Ekleme Tarihi: 06 Mart 2018 - Salı

ŞEKERİM

Yıllar su gibi akıp gitmiş. Hiç farkına varamıyoruz. Ne zaman bir olay yaşasak geçmişi film şeridi gibi hafızamızda canlandırıyor ve ardından "vay anasına!" demekten kendimizi alamıyoruz. İşte öyle bir an yaşıyorum şu sırada. Geçen hafta şeker fabrikalarının satışa sunulmasına tepki olarak bazı partiler ve sivil toplum kuruluşları olarak imza kampanyası düzenlediler. Oldukça ilgi gördü. Aslında daha çok ilgi görmesi gerekirdi diye düşünüyorum. Benim anılarımda da şeker fabrikasına ilk ziyaretim aklıma geldi.
Her zaman olduğu gibi ortaokulda da aktif ve sosyal etkinliklerde en ön safta yer alan bir öğrenciydim. Öğretmenlerimiz beni ve arkadaşım Mehmet Arısoy’u görevlendirdiler. Yöremizin en endüstriyel tarım ürünü şeker pancarı ve Türkiye’de ilk kurulan şeker fabrikalarından biri de Uşak Şeker Fabrikası. “Siz ikiniz oraya gidecek, inceleyecek ve gelip burada arkadaşlarınıza anlatacaksınız” dediler. Ve hemen işe koyulduk.

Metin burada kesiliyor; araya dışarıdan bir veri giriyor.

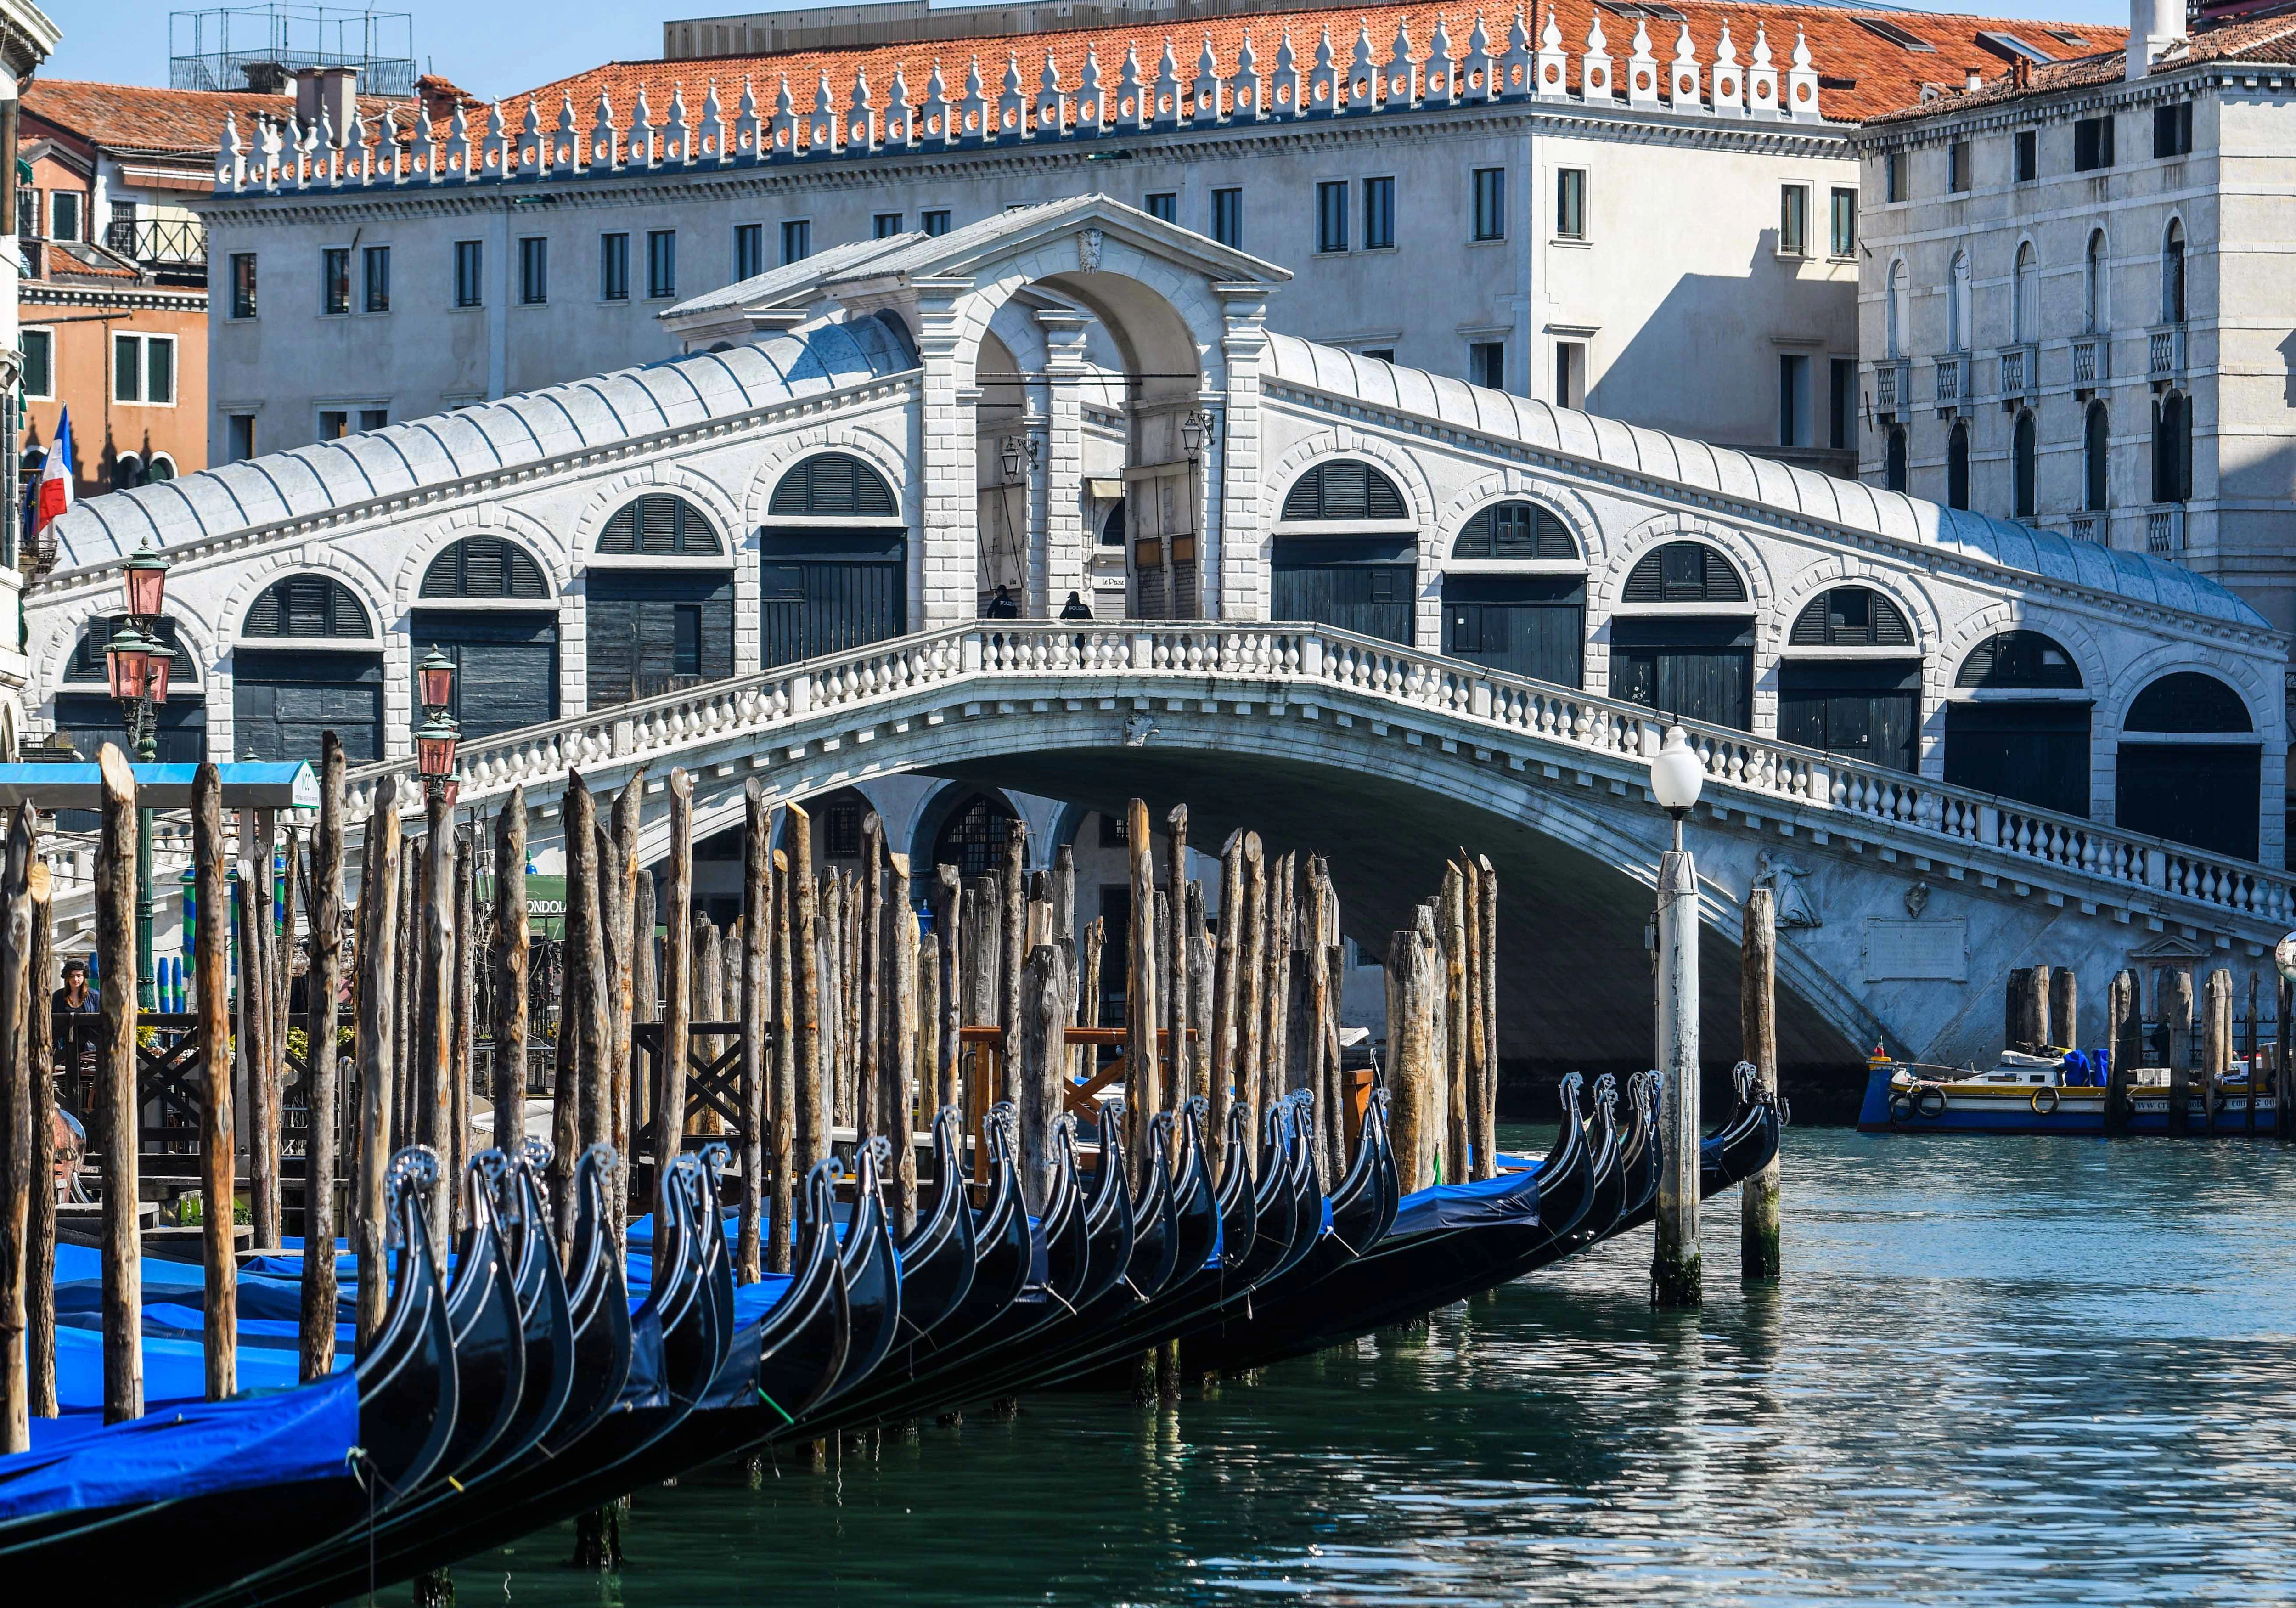 A view shows clear waters by gondolas in Venice's Grand Canal near the Rialto Bridge on March 18, 2020 as a result of the stoppage of motorboat traffic, following the country's lockdown within the new coronavirus crisis. (Photo by ANDREA PATTARO / AFP) (Photo by ANDREA PATTARO/AFP via Getty Images)/puente-rialto-venecia

Ne yaparız, ne ederiz, nereden girip nerden çıkarız diye planlamalar yaptık. Kütüphaneden olduğu kadar doküman bulduk, okuduk, notlar aldık. Sonra neredeyse ilk kez oluyor, Uşak Şeker Fabrikası’na yolculuğumuz başladı. Fabrika önüne geldiğimizde bizi karşılayanlar, pancar istemeye geldiğimizi sandılar. Oysa biz araştırmacı gazeteci edalarıyla; "Amca biz müdürle görüşeceğiz" deyince ortam değişti. Hemen telefona sarılıp "efendim burada iki çocuk var sizi göreceklermiş" dedi. Sonra bize dönerek nereden ve niçin geldiğimizi sordu, döndü telefona anlattı.. “Tamam efendim” cevabıyla bizi yanına alıp doğruca müdürün odasına götürdü. Şimdi adını anımsayamadığım müdür bey ayağa kalkıp bizi karşıladı. “O küçük beyler, maaşallah, maaşallah demek burayı inceleyeceksiniz”. “Evet efendim biz şekerin nasıl olduğunun öğrenip sonra okuldaki arkadaşlarımıza anlatacağız” dedik. “Çok iyi yapmışsınız. Şimdi ben size bir görevli vereceğim o size baştan sona her şeyi anlatacak. Şimdi çaylarınızı için ve görevliyi buraya çağıralım” dedi. Gelen yetkili bizim saçlarımızı okşayıp “gelin bakalım” dedi ve odasına götürdü. "Önce baştan sona size anlatayım sonrasında fabrikayı dolaşıp bire bir göstereyim" dedi. Bizler de onu dinlemeye başladık. Burada söz etmeden geçemeyeceğim. Görevli konuşurken bazı harflerde zorluk yaşıyordu. İlk kez karşılaştığımızdan yadırgadık sanırım. Gülme krizine girmiştik. Sonradan çok utandığım bu duruma engel olamıyorduk ve bir müddet ara verdik. Derken alıştık ve edindiğimiz bilgiler ışığında fabrikayı da dolaştık. Baştan sona bilgi, yüklenmiştik adeta. Gördüklerimiz karşısında ŞEKER’i daha iyi tanıdık ve de hayran olduk.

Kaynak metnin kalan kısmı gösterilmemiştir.